[SOURCE MATERIAL Boundary: Start]

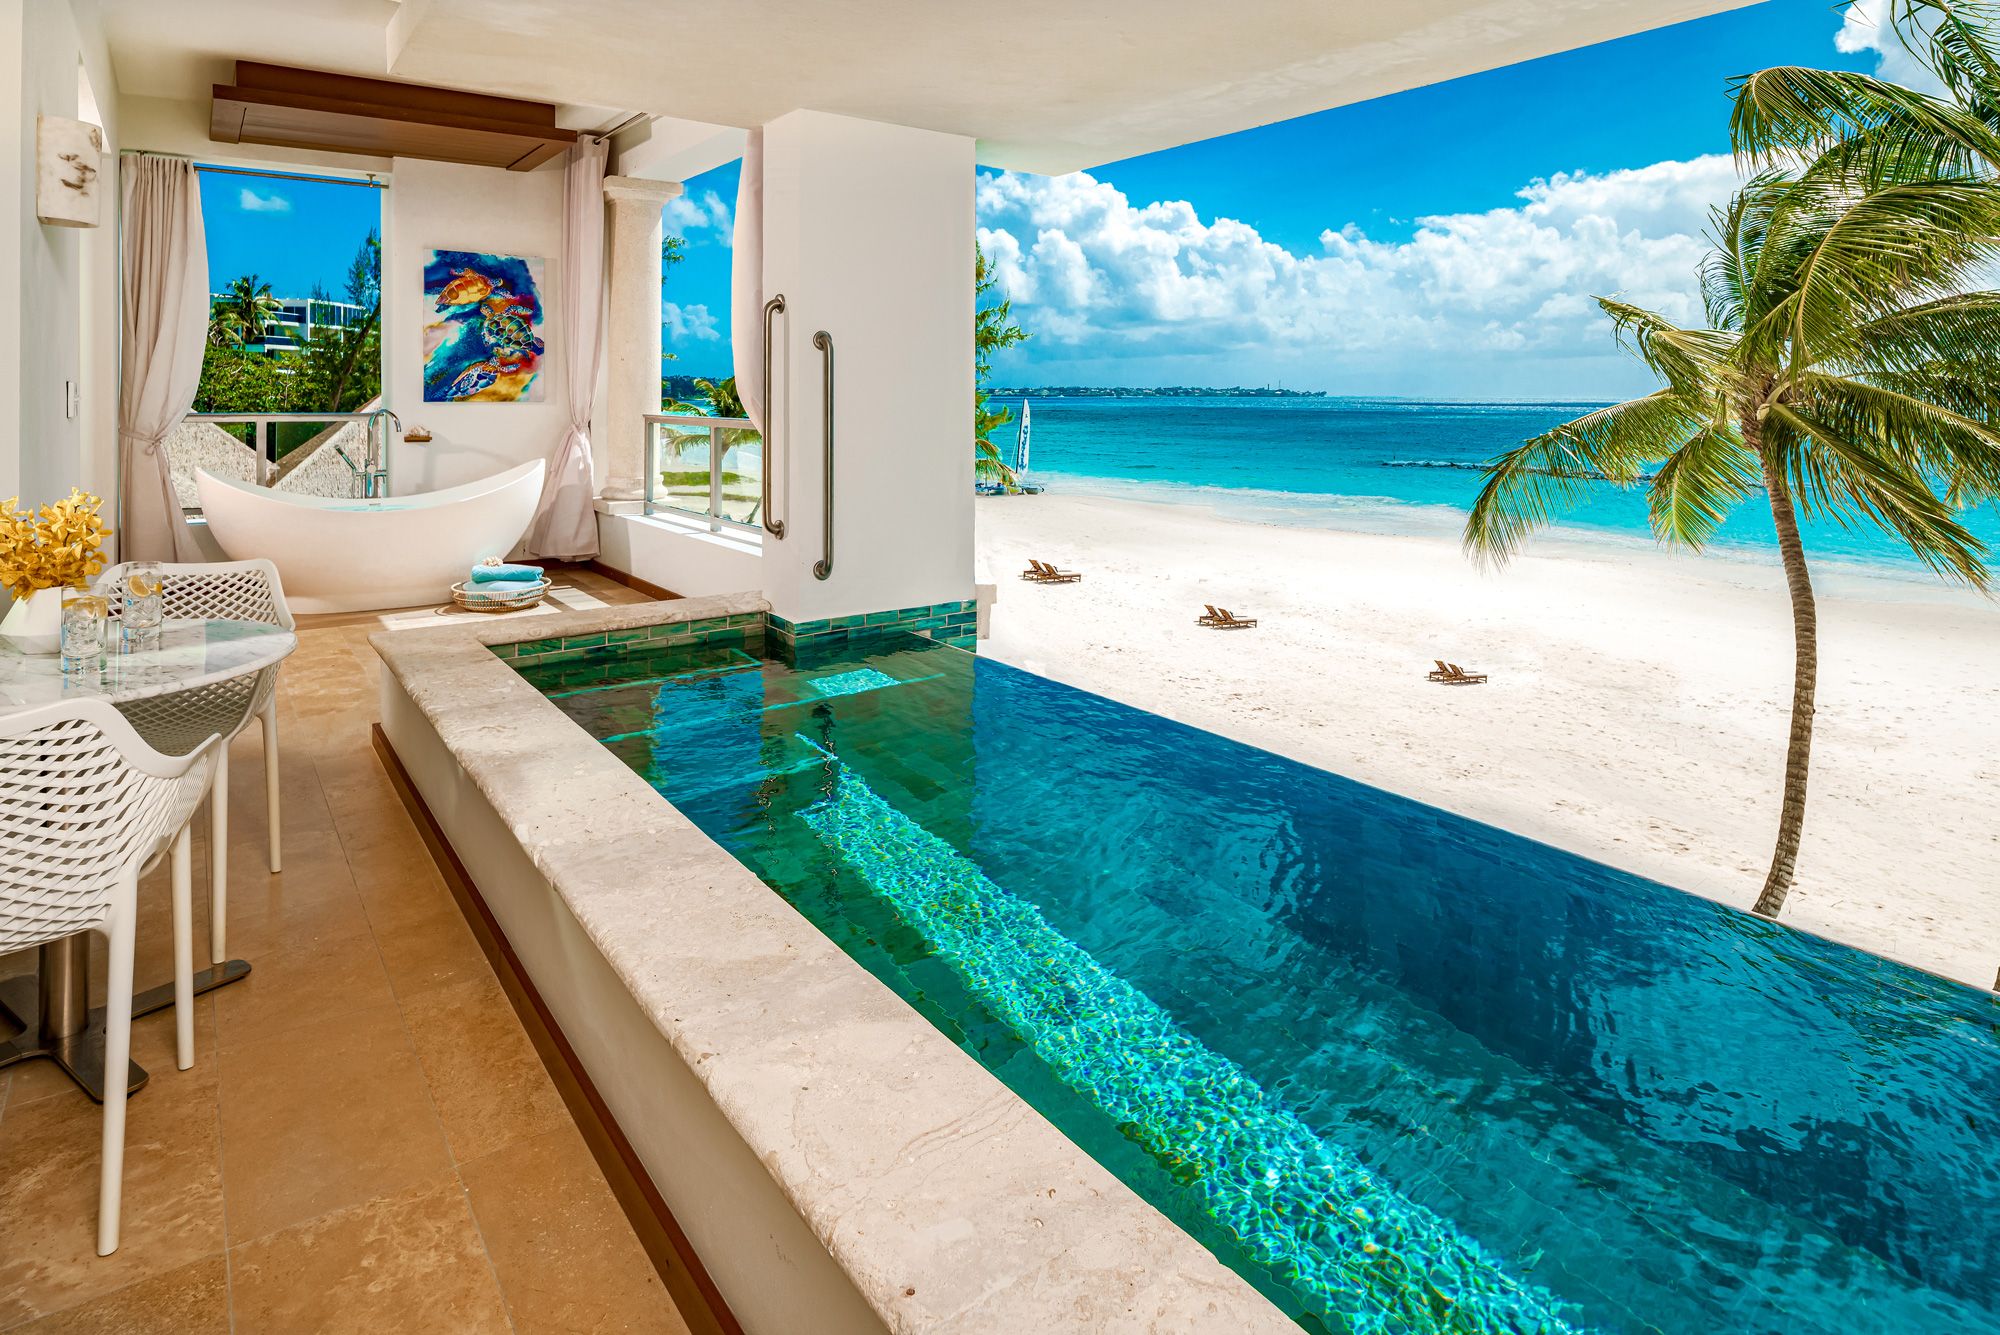 Sandals-Royal-Barbados-Beachfront-SkyPool-Butler-Suite-Pool
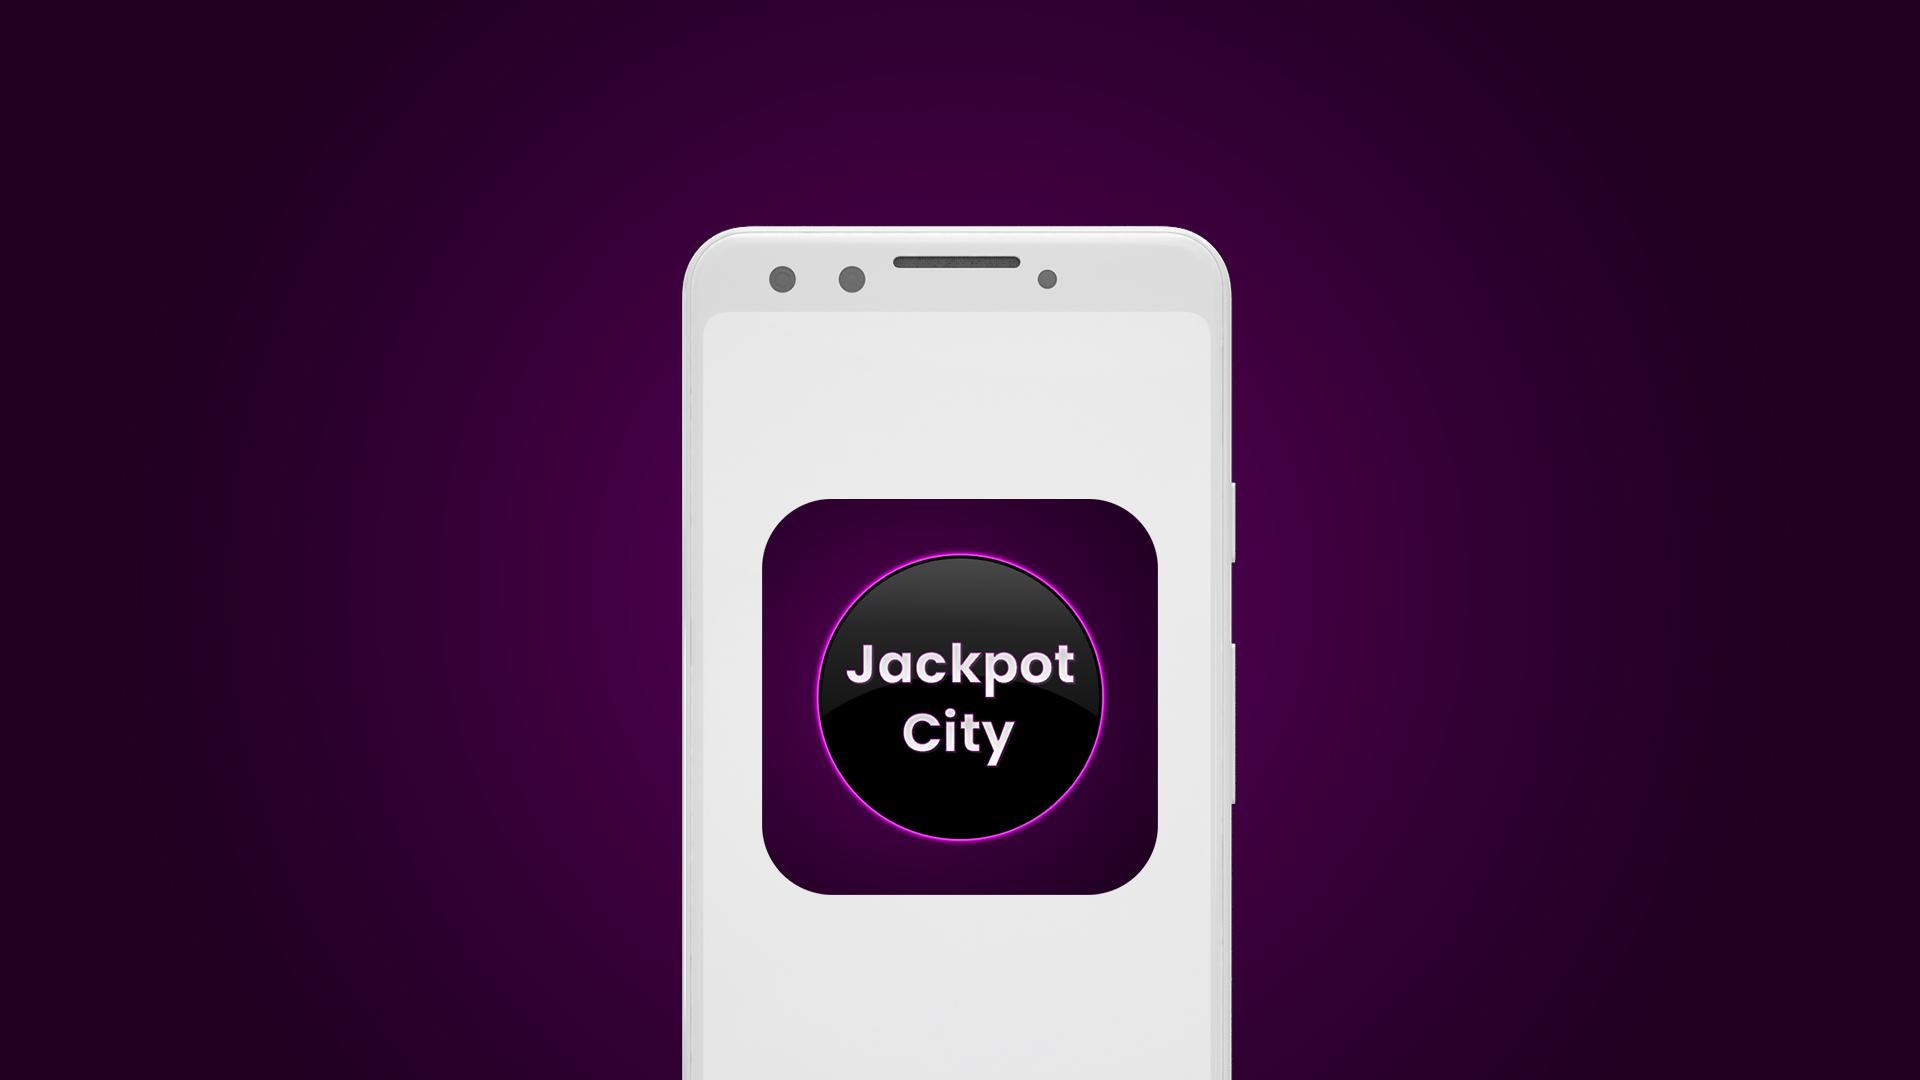 Jackpot city android
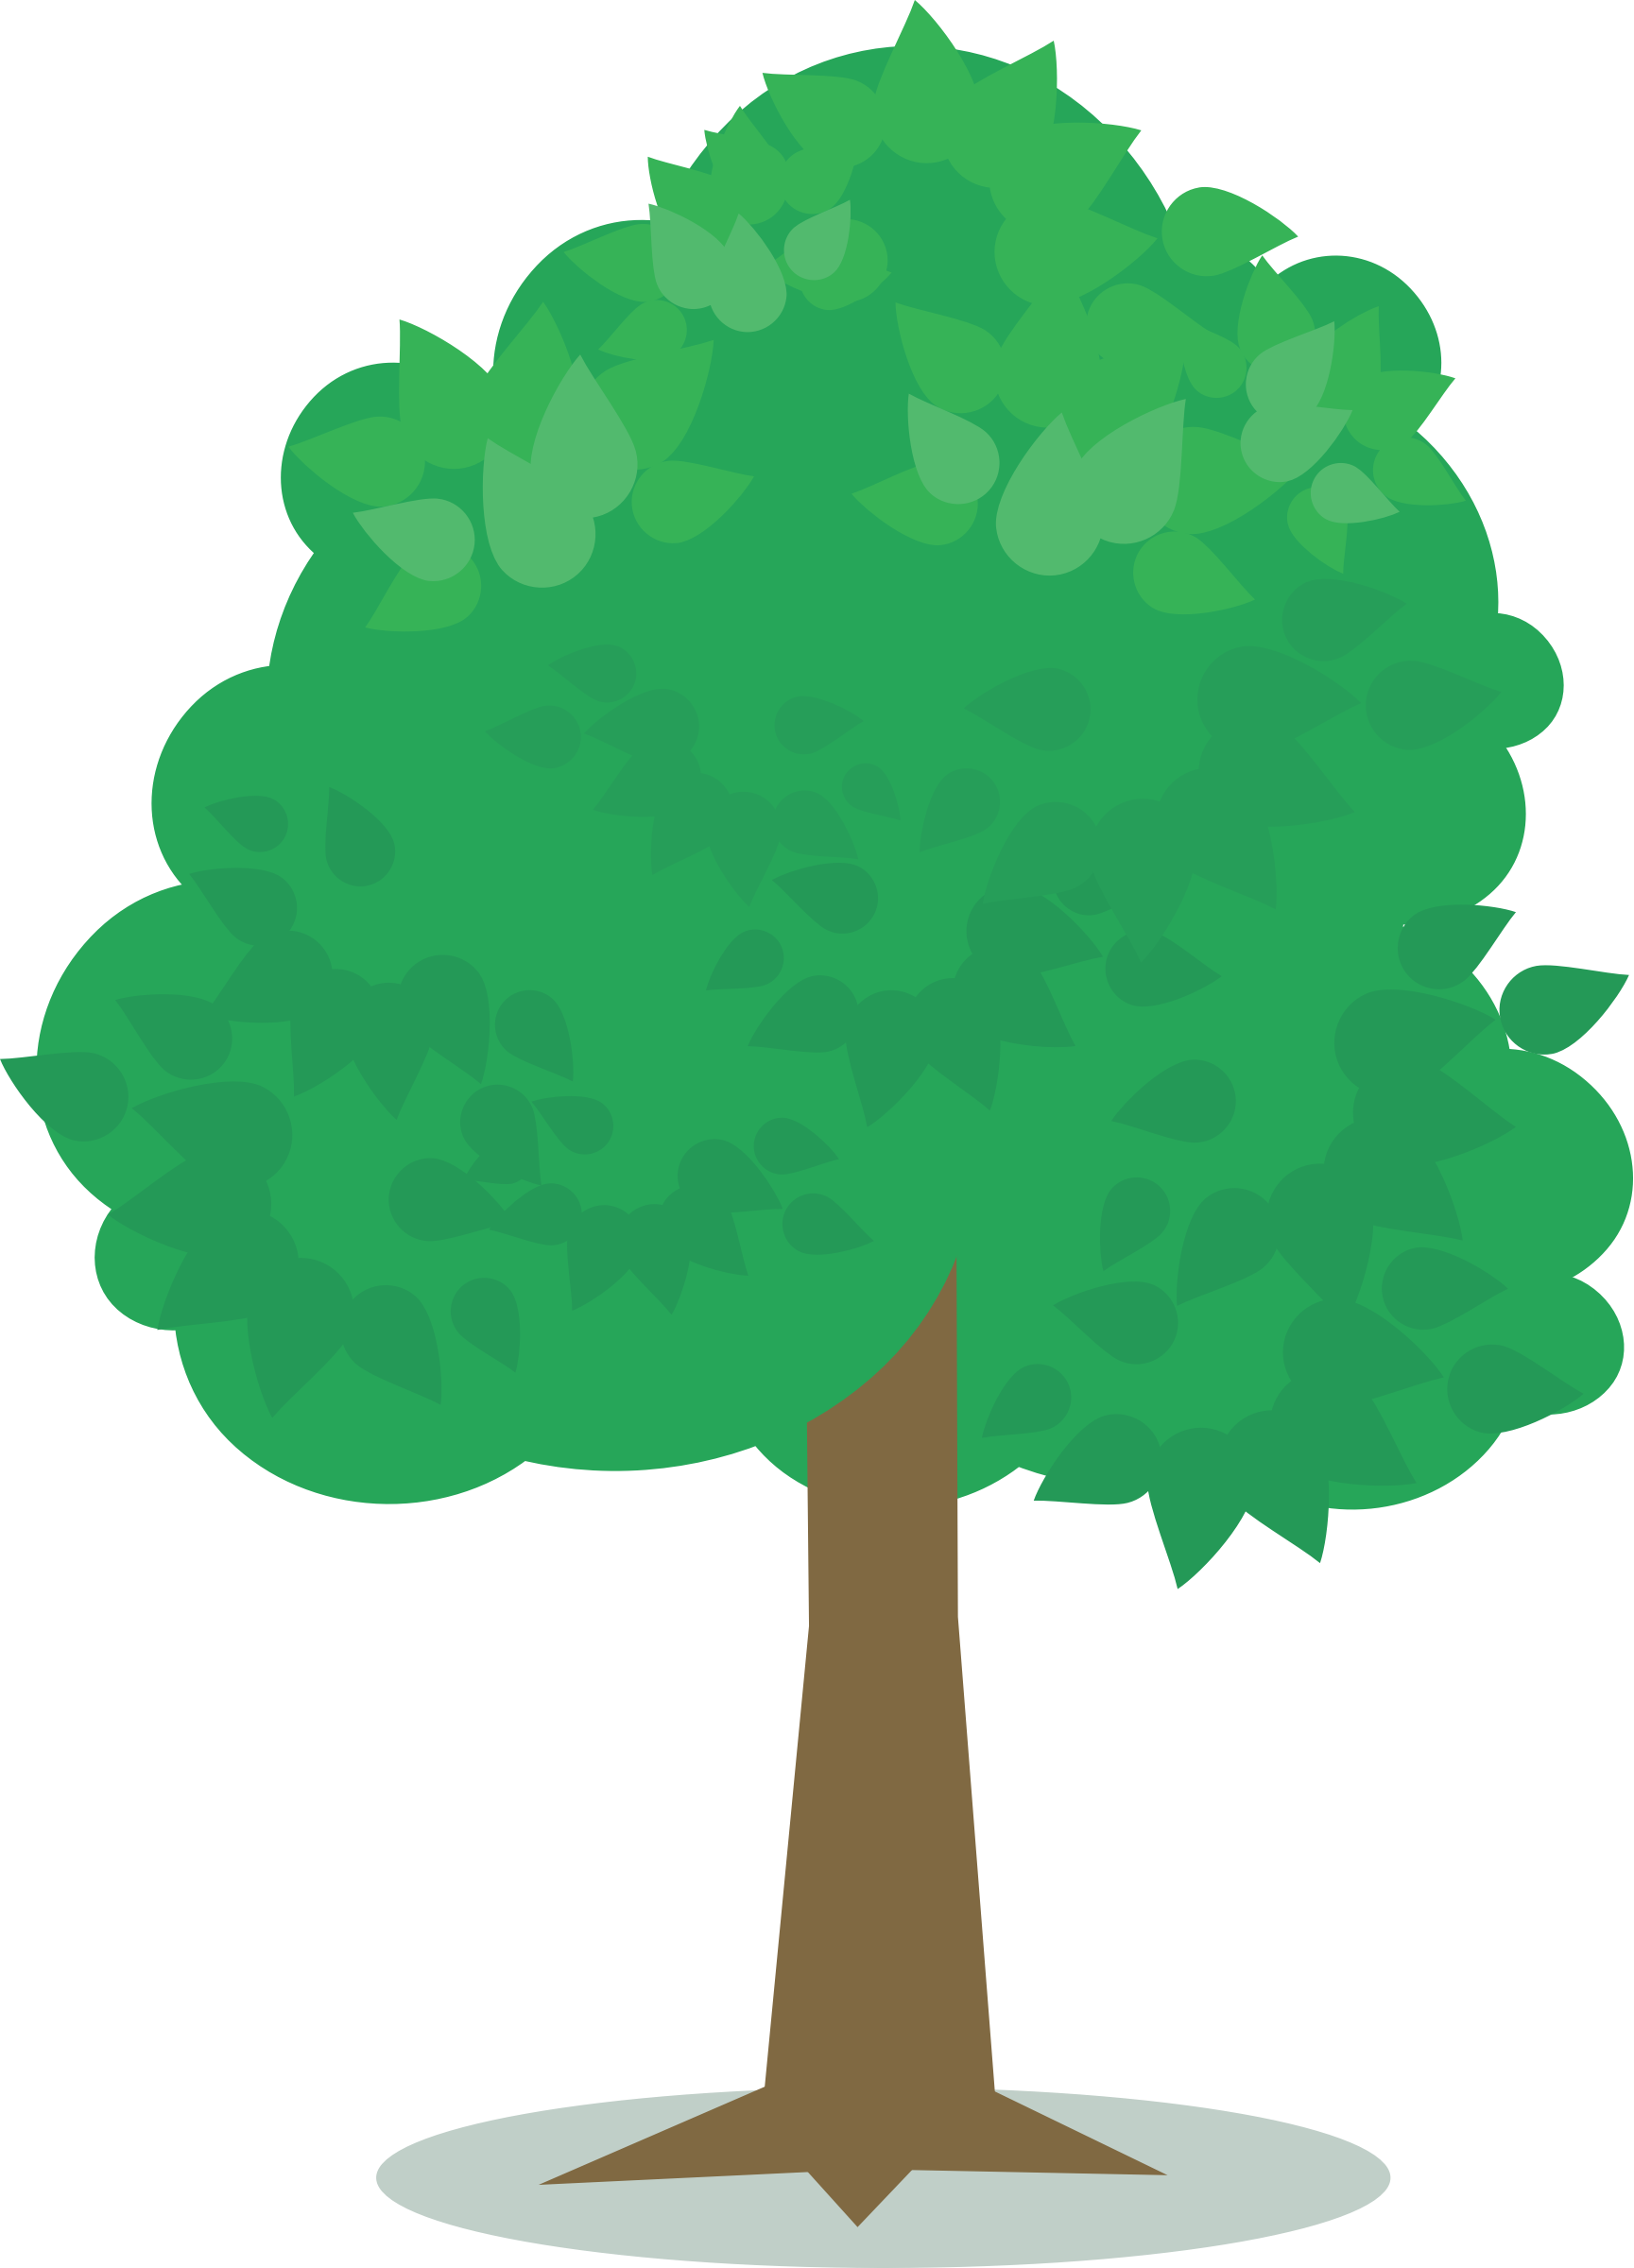 clover clipart tree

[SOURCE MATERIAL Boundary: End]

### [TASK GOAL]
Your copy must repeat the data word for word and show none of its images.

### [ANSWER TO THIS EXERCISE]
 Sandals-Royal-Barbados-Beachfront-SkyPool-Butler-Suite-Pool
 Jackpot city android
 clover clipart tree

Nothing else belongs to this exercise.